High-end machine learning techniques today were created by taking visual information systems into account. Even after all the evolutions, algorithms cannot process every type of stimulus in the same way. So olfactory stimuli demand different strategies. The difficulties in characterizing smells is the major challenge in replicating the growth achieved with vision.

Odors are analyzed by a multi-layer network, randomly sampled and plotted in what is called as an ‘antimap’. An antimap is achieved through sparse representation of information in a higher dimensional space. In the antimap, the information is scattered throughout the system and analyzing it involves sampling from a collection of neurons in the multi-dimensional space, which makes it easier to analyze and distinguish by the emerging patterns of the neural responses. But again, researchers have revealed that unlike traditional deep networks, olfactory circuits are less evolving with the sparcification of data. In other words, they do not seem to train themselves. But the recent developments show promising progress in the speed of learning in the case of olfaction.

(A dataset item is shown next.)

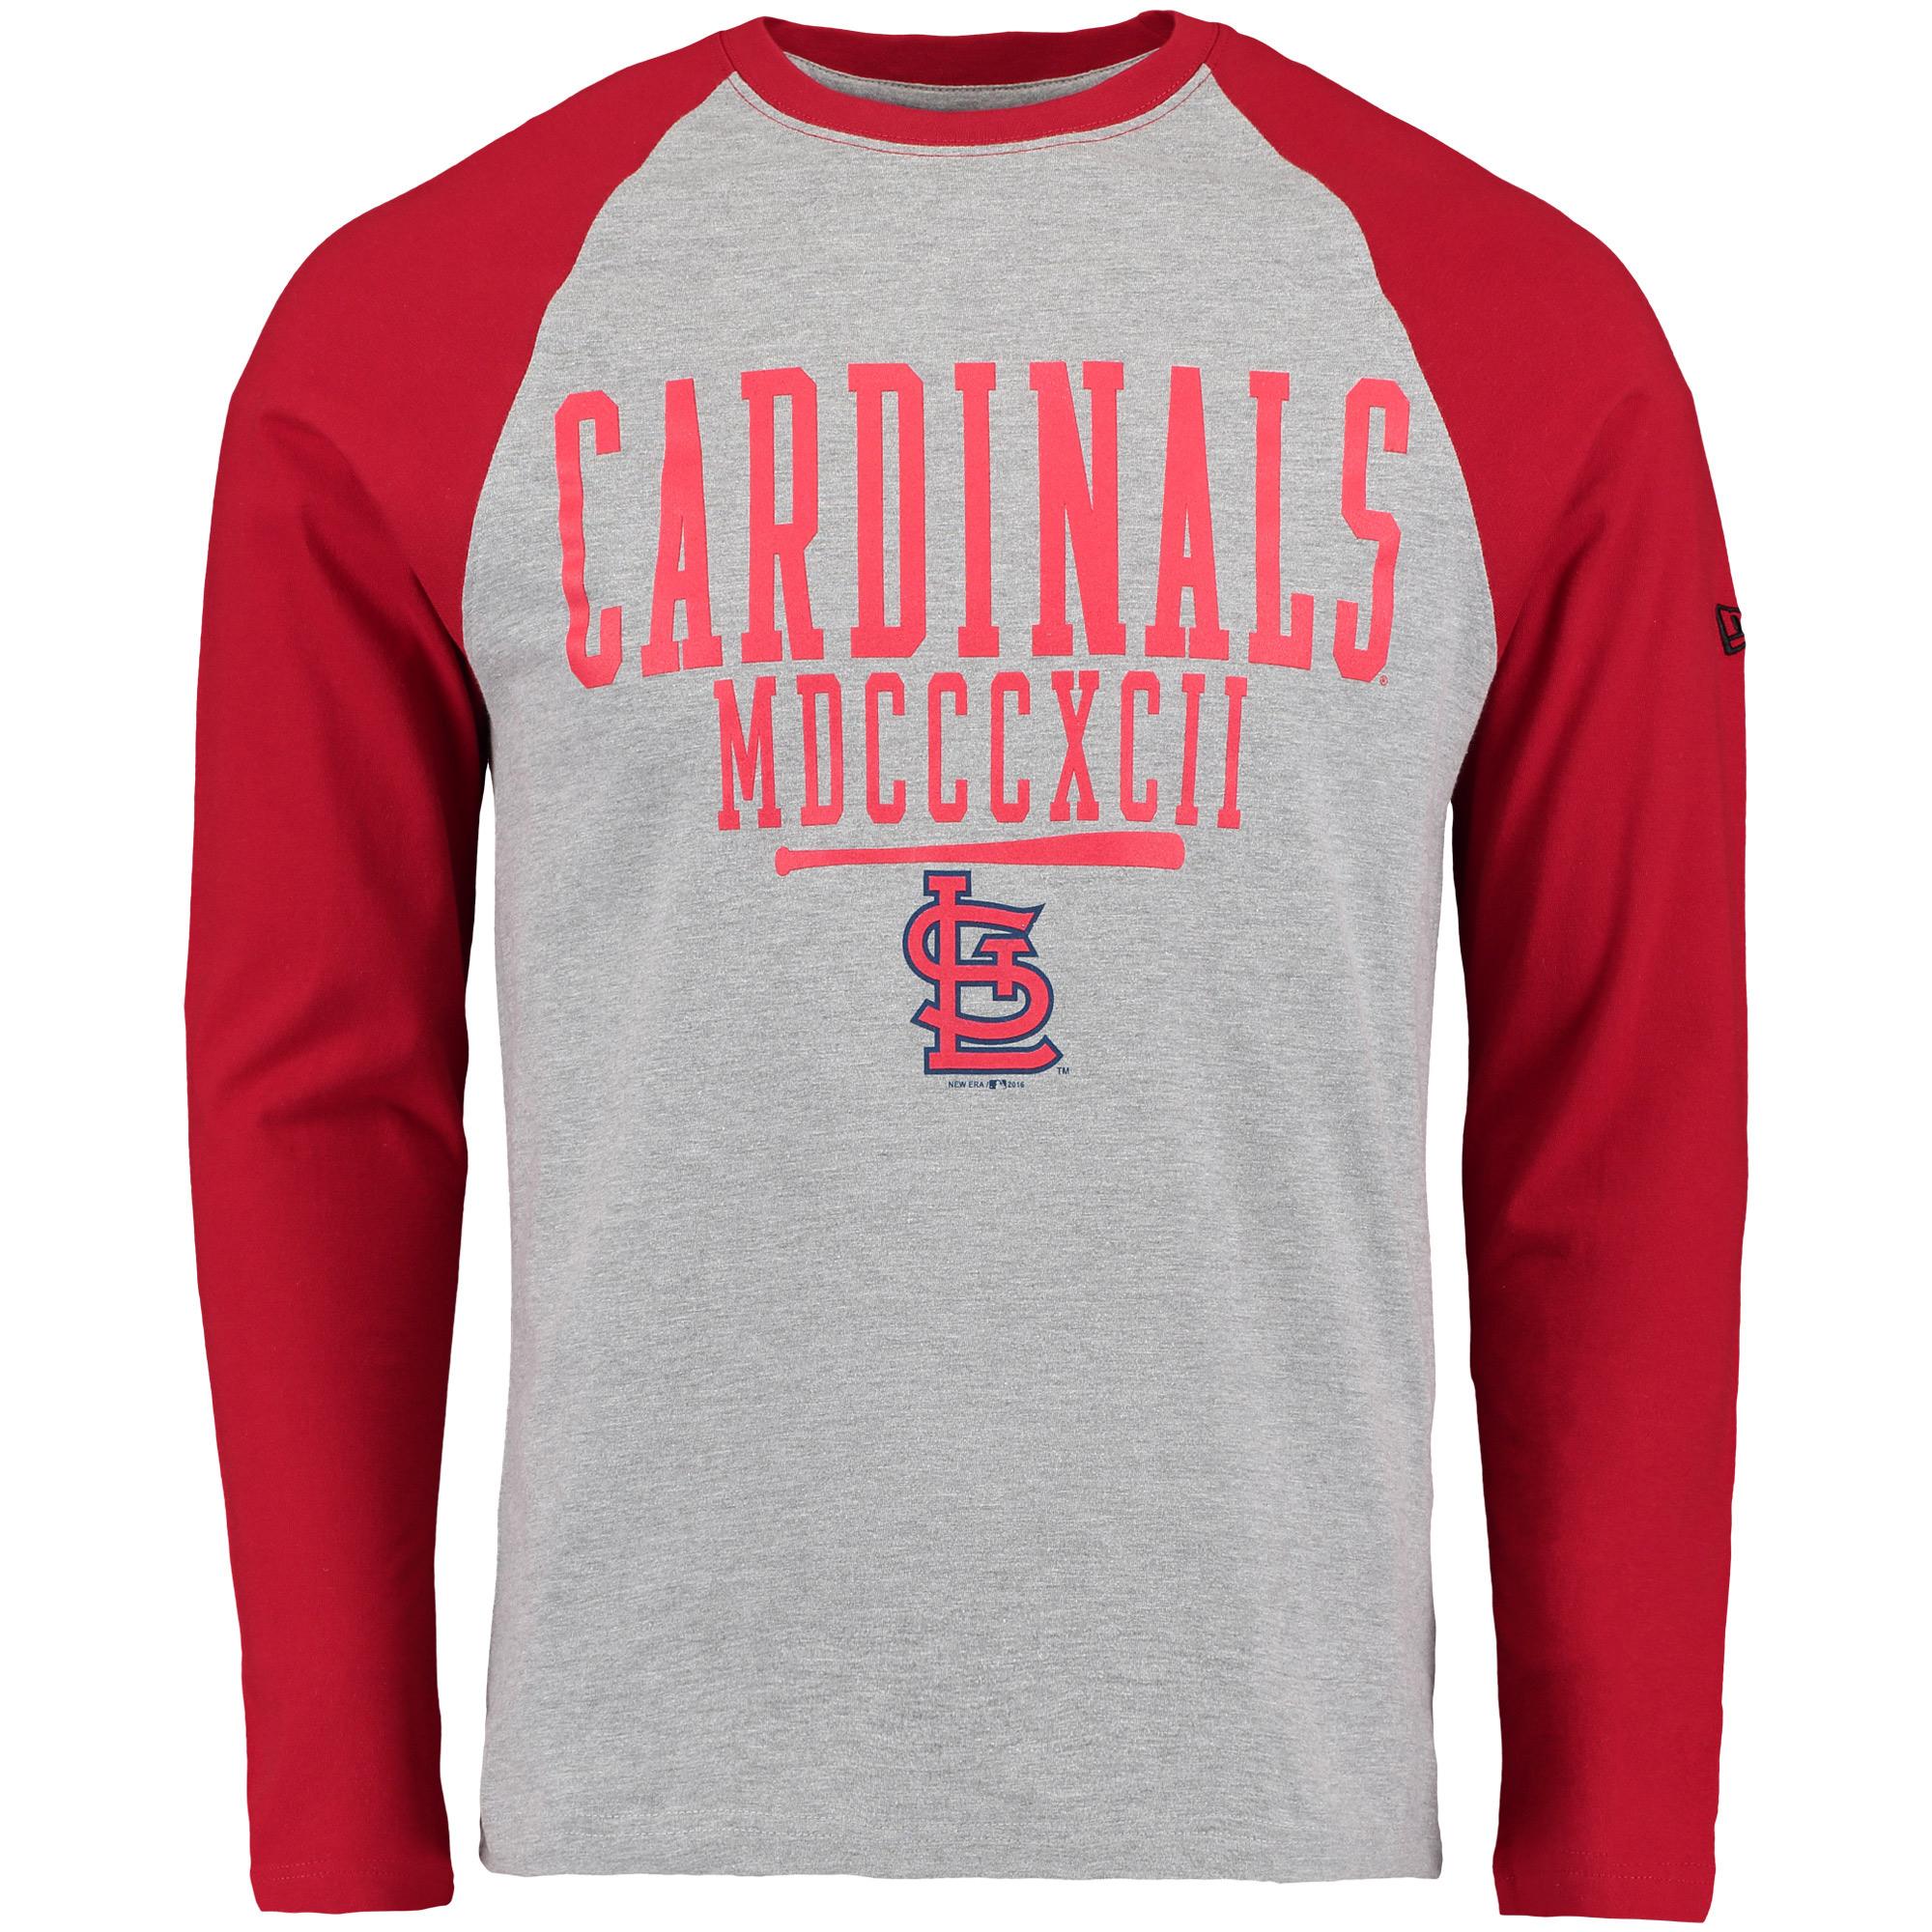 St. Louis Cardinals New Era Roman Numeral Long Sleeve Raglan T-Shirt - Heathered Gray/Red

Recently a team of scientists tried to find an olfaction-based search system on the basis of similarity. They applied the similarity search algorithm to a set of images and recorded surprising results. They found out that the algorithm performed better than traditional non-biological methods by far. They showed that such an essentially untrained network could be used effectively in classification computation and similar tasks that require navigation or memory.

As of now, all these works remain theoretical and in the way of progress. These works should be scaled up large to much more complex machine learning conundrums to make a difference. And the world is waiting to see how far it will go.